Karri Vasu, Khan Sumaira Latif, Wilson Yvonne
Department of General Surgery, Norfolk and Norwich University Hospital, Norwich, Norfolk, United Kingdom.
Endocr Pract. 2005 Nov-Dec;11(6):385-8. doi: 10.4158/EP.11.6.385.
To report a case of colonic perforation as the initial manifestation of pheochromocytoma and discuss the underlying pathophysiologic mechanism.
The clinical, biochemical, radiologic, and pathologic findings are described. In addition, the management of the patient is discussed and the relevant literature reviewed.

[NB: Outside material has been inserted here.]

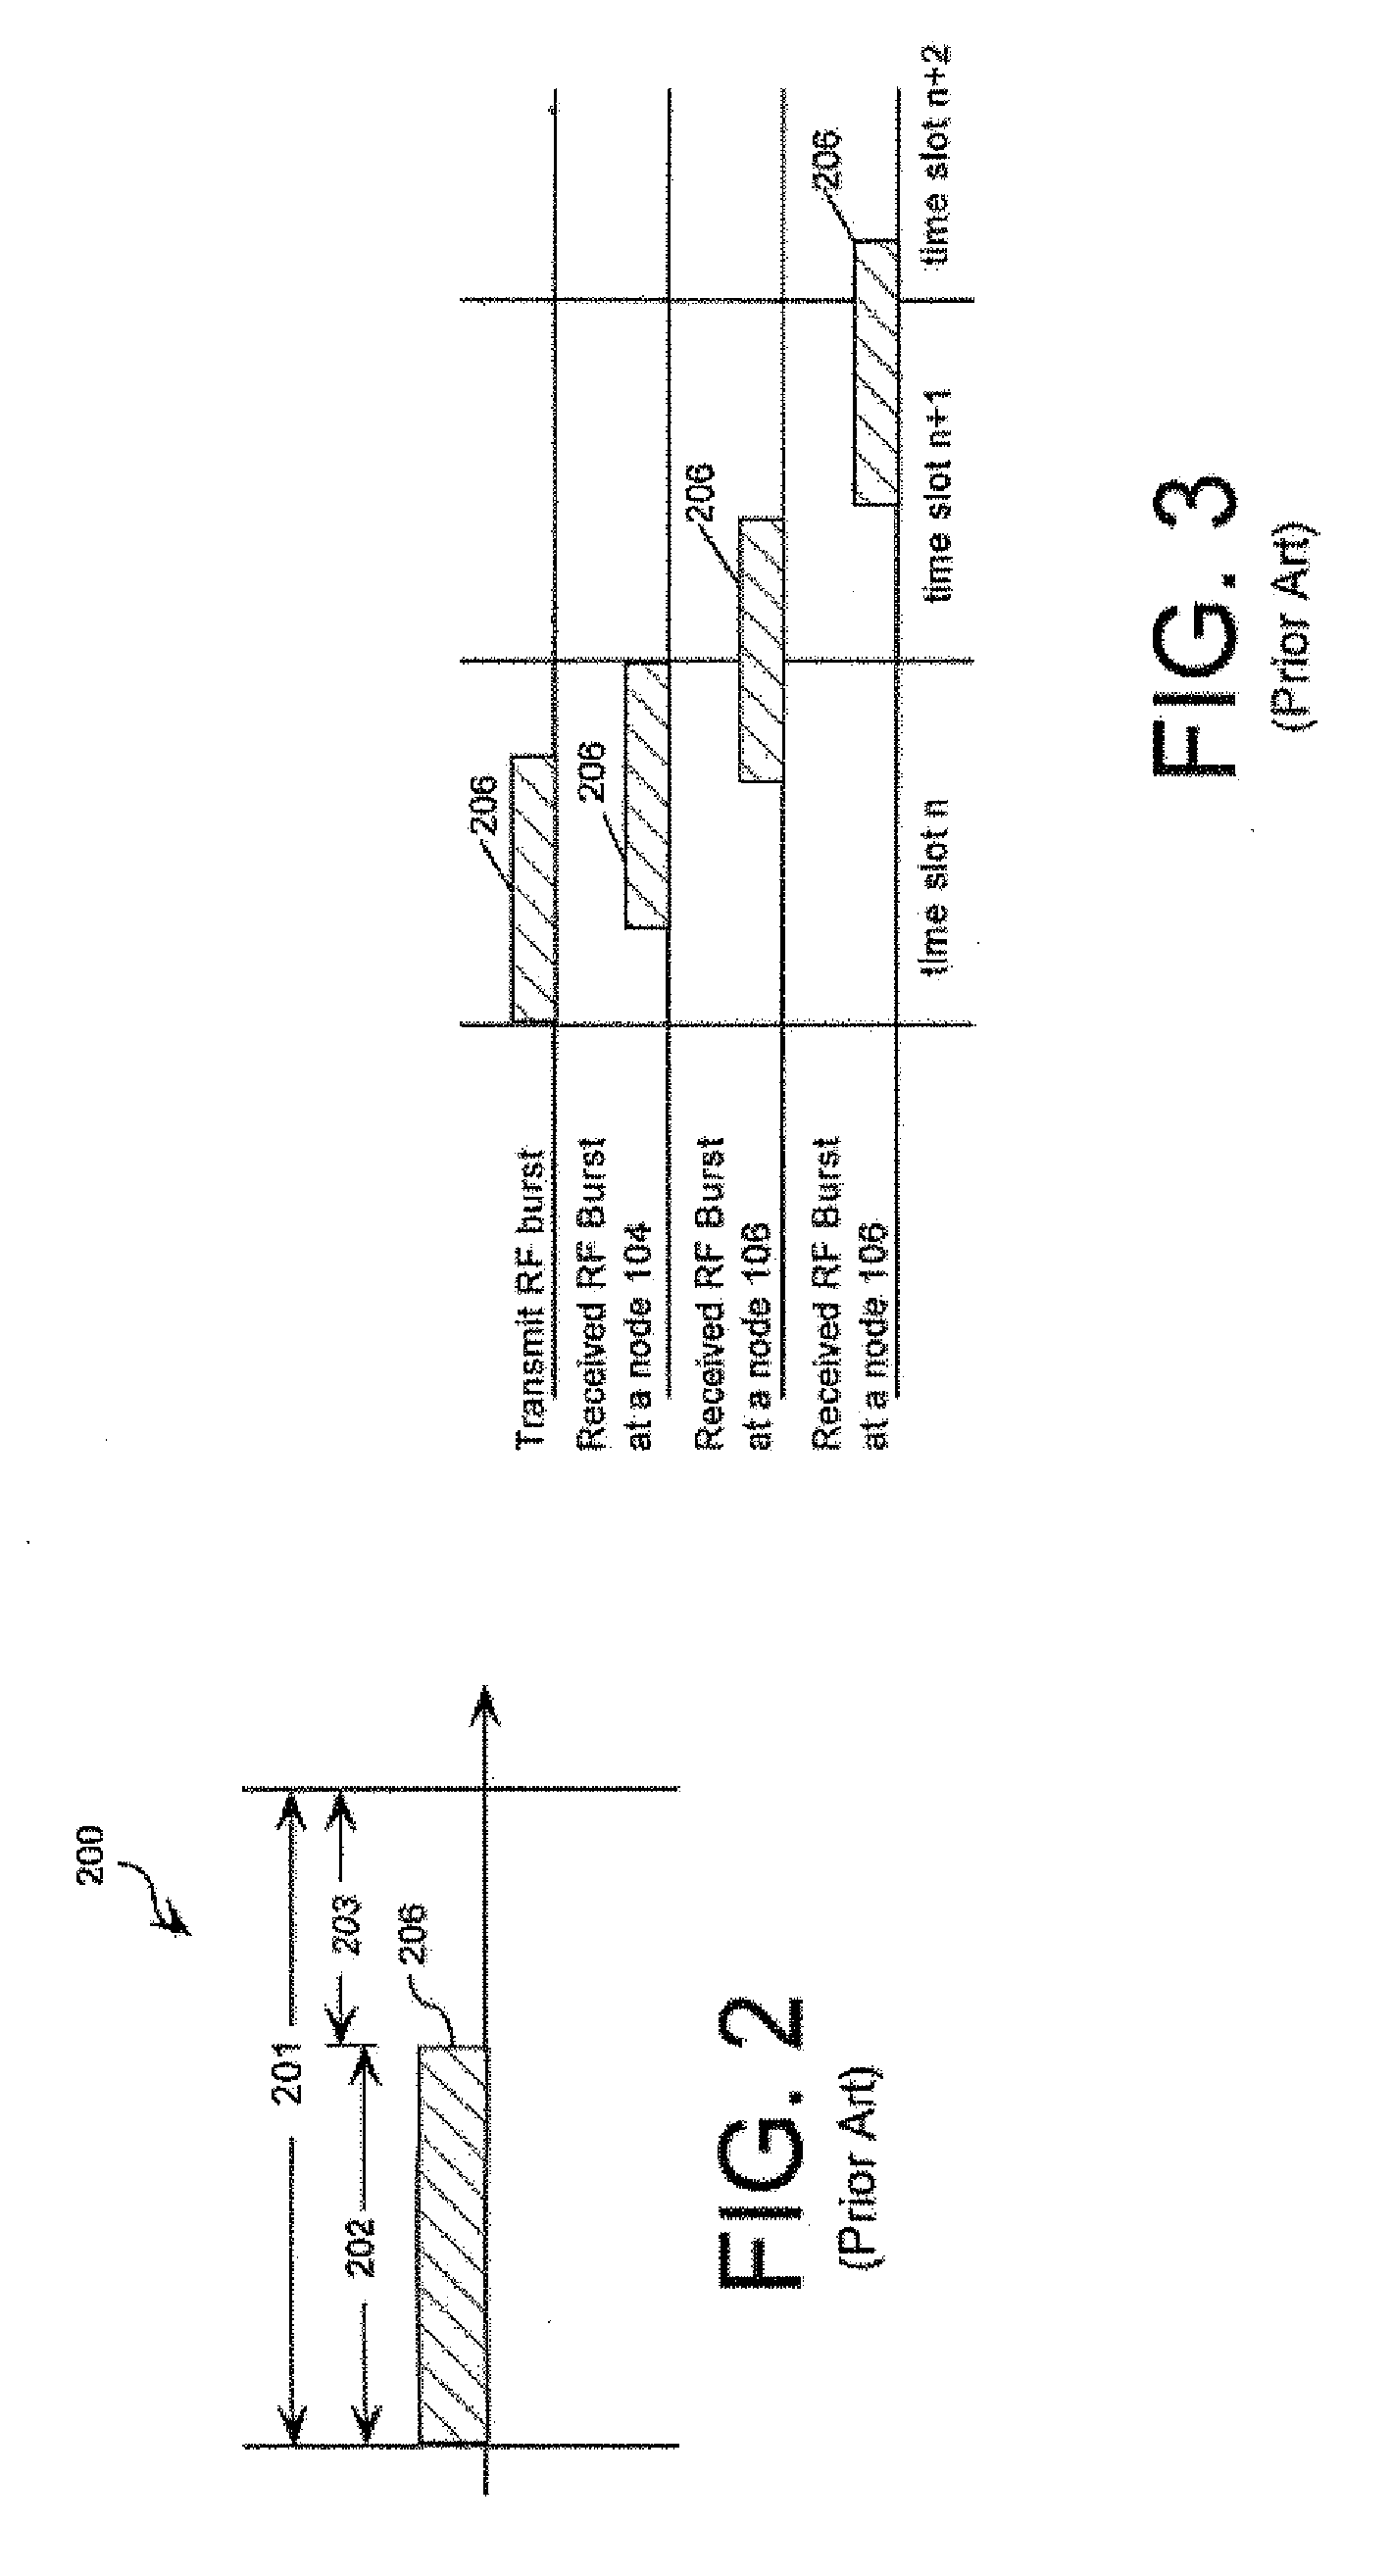 Mobile ad-hoc network providing desired link delay offset without guard times and related methods

A 57-year-old man presented with large bowel perforation after pseudo-obstruction. Emergency laparotomy revealed two cecal perforations but no obstructing lesion; however, hypertension persisting postoperatively raised the suspicion of pheochromocytoma. This diagnosis was confirmed by measurement of 24-hour urinary hydroxymethylmandelic acid excretion and computed tomography of the abdomen. The tumor was subsequently resected without complication or recurrence of bowel symptoms. The pathophysiology of bowel perforation in patients with pheochromocytoma is not entirely clear but most likely involves bowel ischemia and necrosis as a result of mesenteric vasoconstriction. This setting coupled with increased intraluminal pressure as a consequence of pseudo-obstruction may cause perforation.

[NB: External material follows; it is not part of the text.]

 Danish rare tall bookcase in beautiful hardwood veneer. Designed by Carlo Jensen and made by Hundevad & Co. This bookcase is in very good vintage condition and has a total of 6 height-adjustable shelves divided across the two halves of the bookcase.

Bowel perforation in patients with pheochromocytoma is rare and thought to be a consequence of intestinal ischemia and altered motility. This is potentially a life-threatening complication, particularly if the tumor remains undiagnosed and an emergency surgical procedure is necessary. Pharmacologic treatment of pheochromocytoma during pseudo-obstruction may prevent subsequent perforation. Clinicians should be aware of the potential gastrointestinal presentation of this tumor.